A movie (Figure 14 ) shows the evolution of the density up to the time of shock collision at t = 0.4200. The movie was obtained with the relativistic PPM code of Martí and Müller [181 ]. The presence of very narrow structures involving large density jumps requires very fine zoning to resolve the states properly. For the movie a grid of 4000 equidistant zones was used. The relative error in the density of the left (right) shell is always less than 2.0% (0.6%), and is about 1.0% (0.5%) at the moment of shock collision.

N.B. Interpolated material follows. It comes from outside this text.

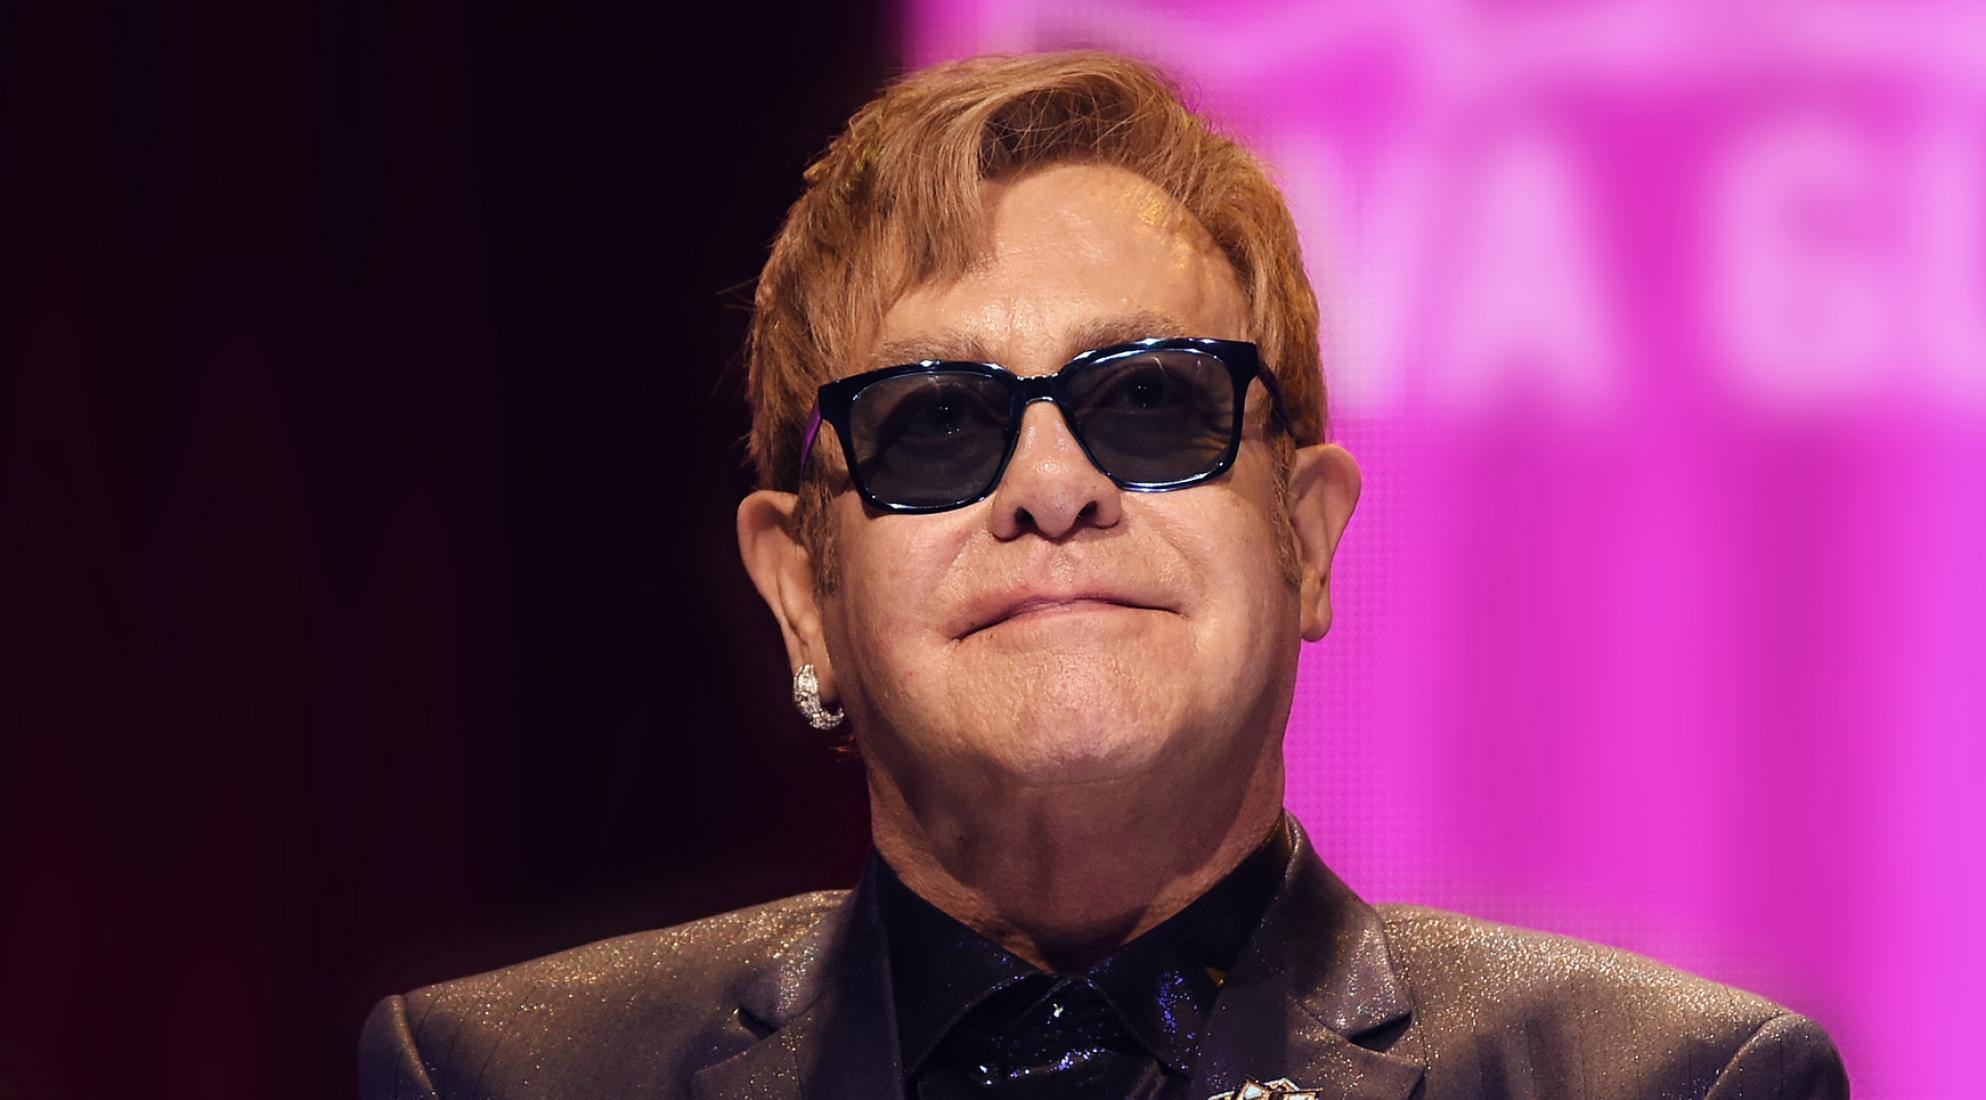 Elton John, Rocket Man, Biopic, prima, anteprima, video, Stone Music, Classic Rock

Profiles obtained with the relativistic Godunov method (first-order accurate, not shown) show relative errors in the density of the left (right) shell of about 50% (16%) at t = 0.20. The errors drop only slightly to about 40% (5%) at the time of collision (t = 0.420).

A movie (Figure 15 ) shows the numerical solution after the interaction has occurred. Compared to the other movie (Figure 14 ), a very different scaling for the x-axis had to be used to display the narrow dense new states produced by the interaction. Obviously, the relativistic PPM code resolves the structure of the collision region satisfactorily well, the maximum relative error in the density distribution being less than 2.0%. When using the first-order accurate Godunov method instead, the new states are strongly smeared out, and the positions of the leading shocks are wrong.